The basic steps are:
- Have experts annotate traits on images of herbarium sheets.
- Train a neural network(s) to recognize the traits. We are using the pytorch library to build the neural networks. I am also using models and scripts from HuggingFace.
- Use the trained neural networks to annotate images en masse.
This project attempts to classify phenological traits images of herbarium sheets, see figure 1. We want to identify these traits with reasonable speeds on batches of thousands or possibly millions of images at a time.
The target traits are: flowers, fruits, and leaves.
Each of these traits is binary, that is the herbarium specimen either has flowers (with) or it doesn't (without).
All of these traits are not truly binary, for instance, flowers may be in transition to fruits—then which is it?
However, in our training data, we are targeting traits as close as we can get to unambiguous presence or absence.
These traits may be easy to identify in some taxa,
but the same trait in other taxa can be surprisingly challenging to identify, even by an expert under ideal conditions.
Couple that with aging and deterioration of the herbarium specimens themselves and you wind up with a difficult an interesting problem.
Sometimes traits are too difficult to discern from the given images, so the expert identified these images as unknown.
Finally, sometimes images are not appropriate as training data (like line drawings),
and they are set to not applicable.
Our team consists of experts in botany and museum practices along with a computer programmer.

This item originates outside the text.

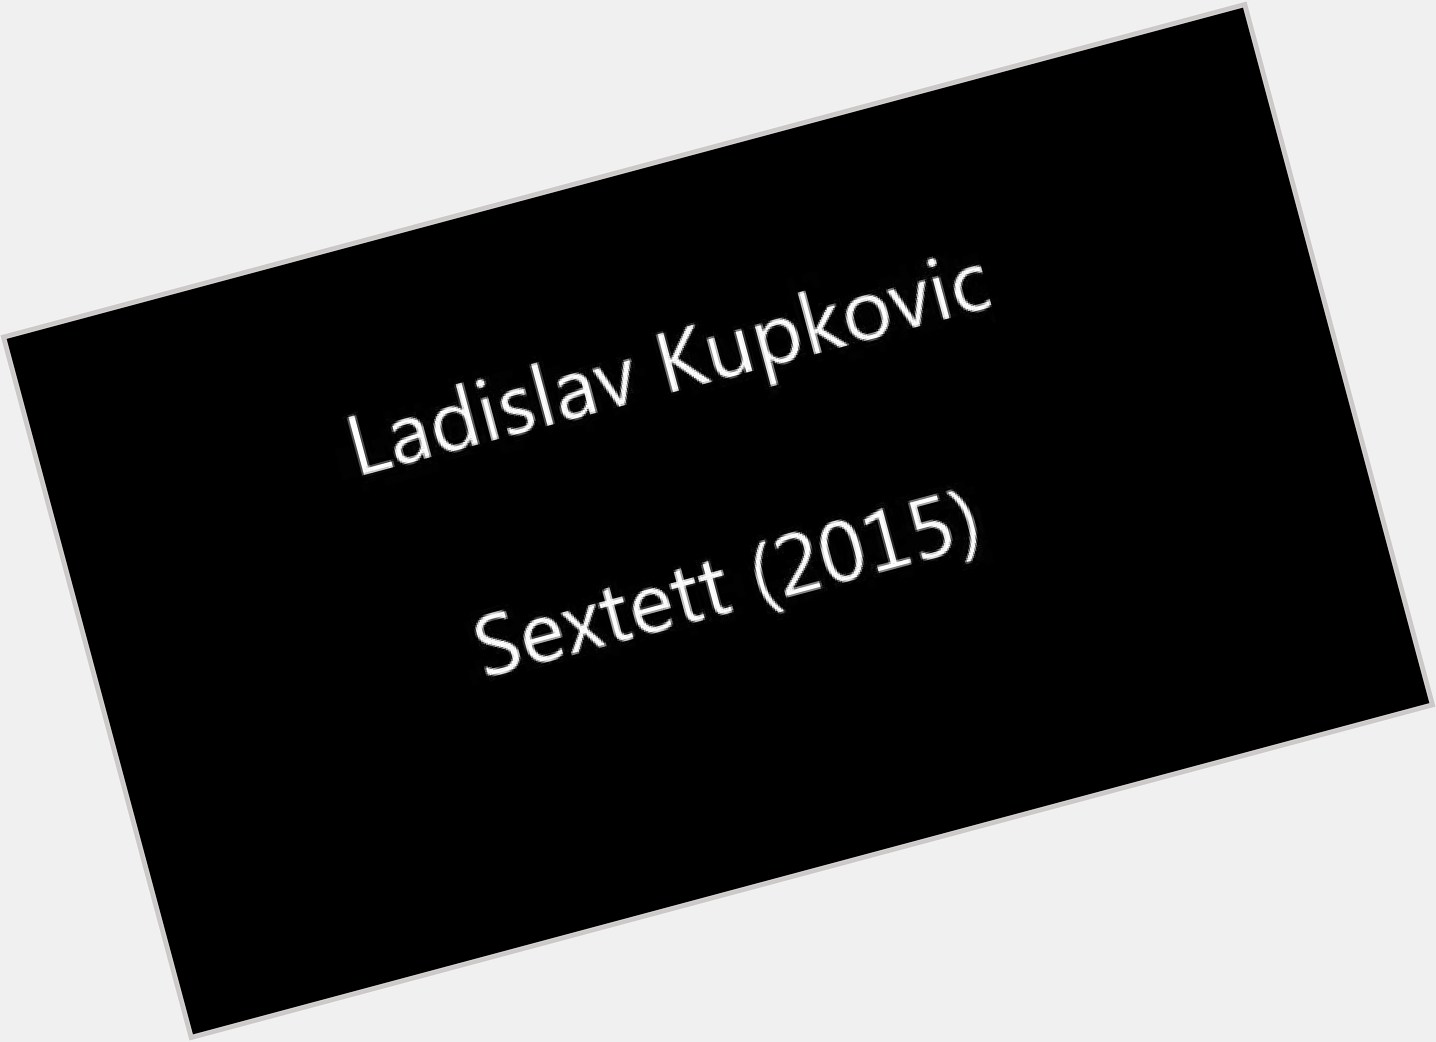 Ladislav Kupkovic dating 2

Each of us used what we know best to shape the data and algorithms to improve the trait extraction process. In short, there has been a leaning curve, and there have been several iterations of scripting and training datasets.

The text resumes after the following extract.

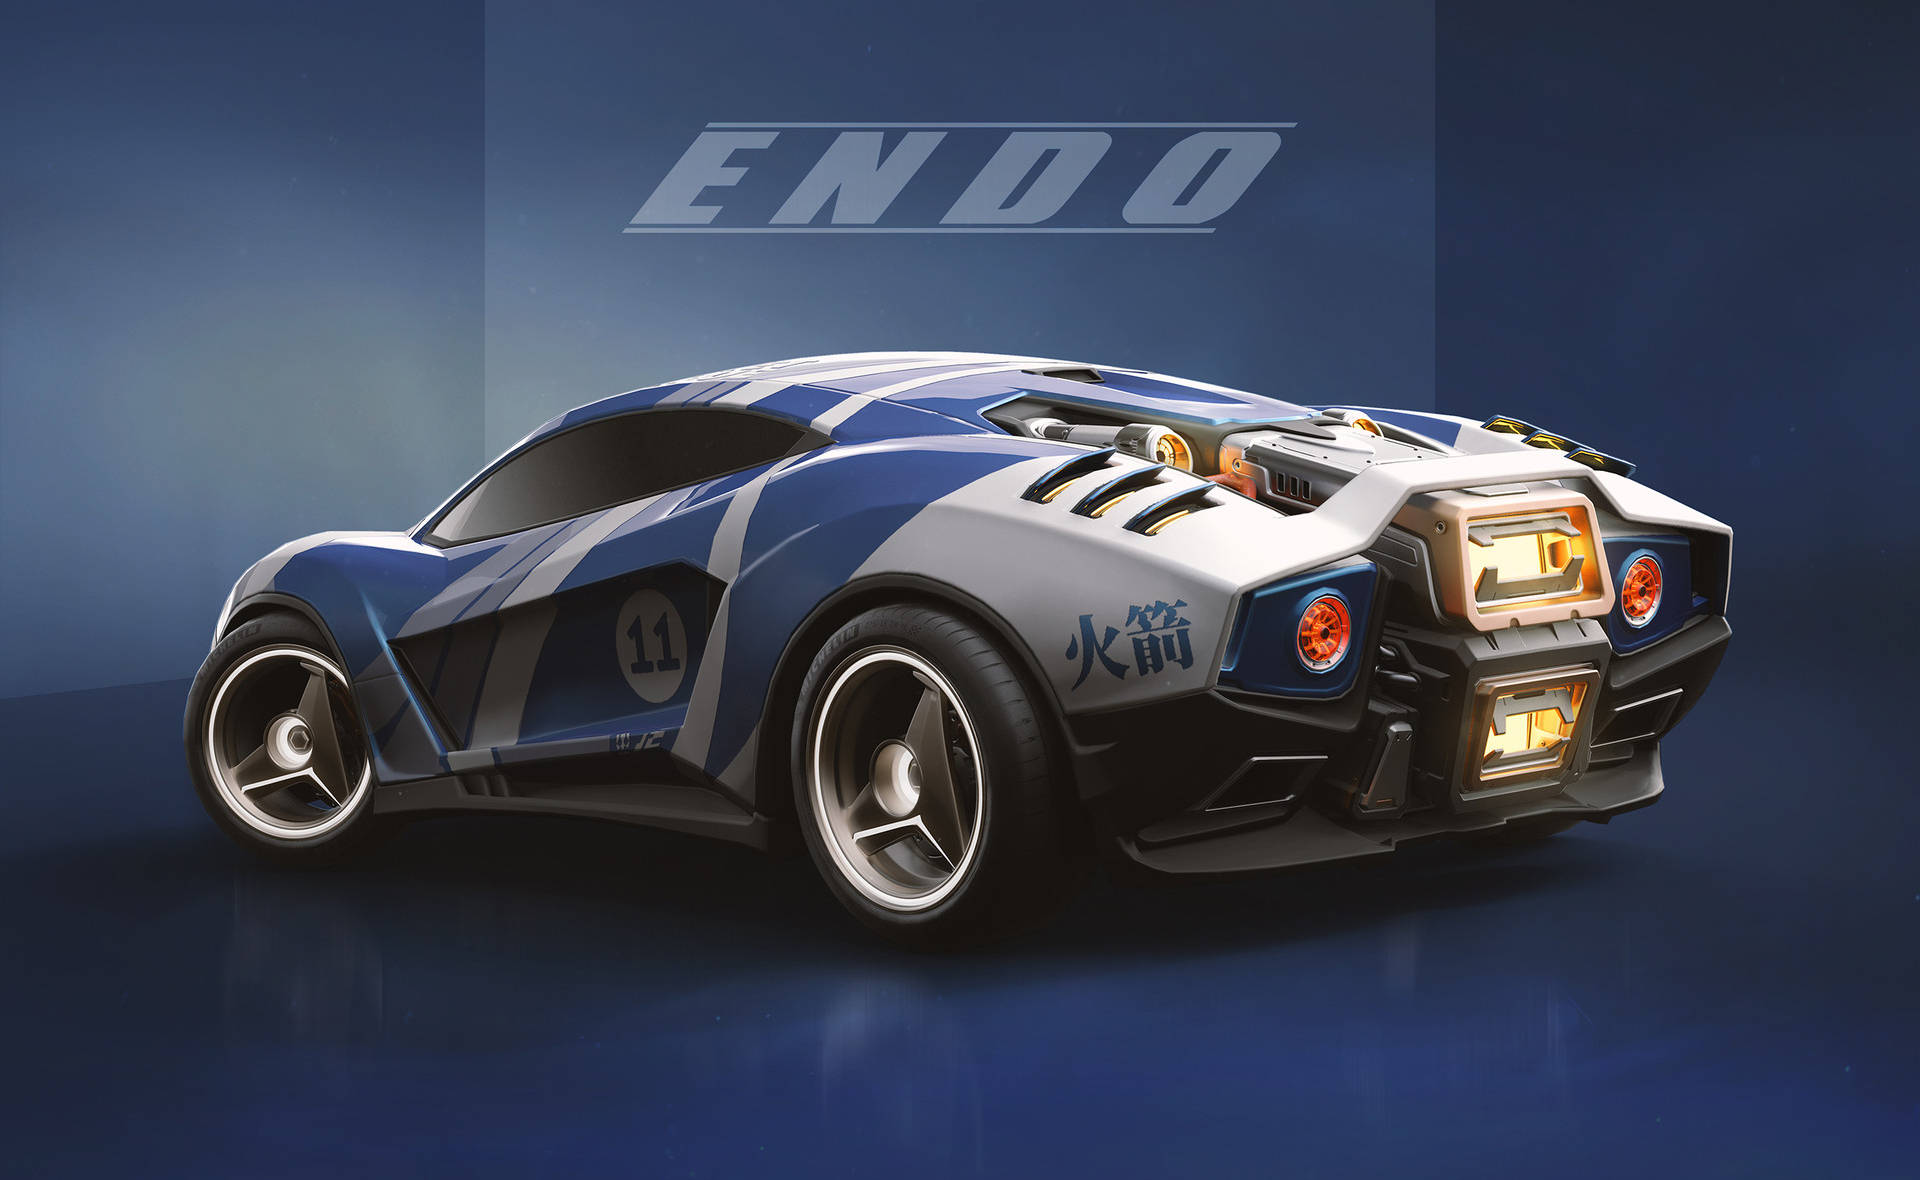 Cool Rocket League Endo Car Background

(Fig. 1 An example of a herbarium sheet.)
We use SLURM to submit jobs to the UF data center. The models we use are small and can typically fit on a single GPU, an NVidia A100 GPU. We also request 4 GB of memory and 4 CPUs per job for training models.
We start this process by gathering all the metadata available about the herbarium specimens and the corresponding images from data aggregators like GBIF, iNaturalist, and iDigBio. I should note that data aggregators typically do not store the images themselves but provide links to the images stored offsite. In a pilot study, we used iDigBio data and still use some of that data. We subsequently switched to GBIF metadata. There is a significant overlap of the data between the data aggregators, so the decisions about which one to use is more about what aggregators are more up to date and which ones are easier to use. We put the metadata into a smallish (~65 GB) SQLite databases.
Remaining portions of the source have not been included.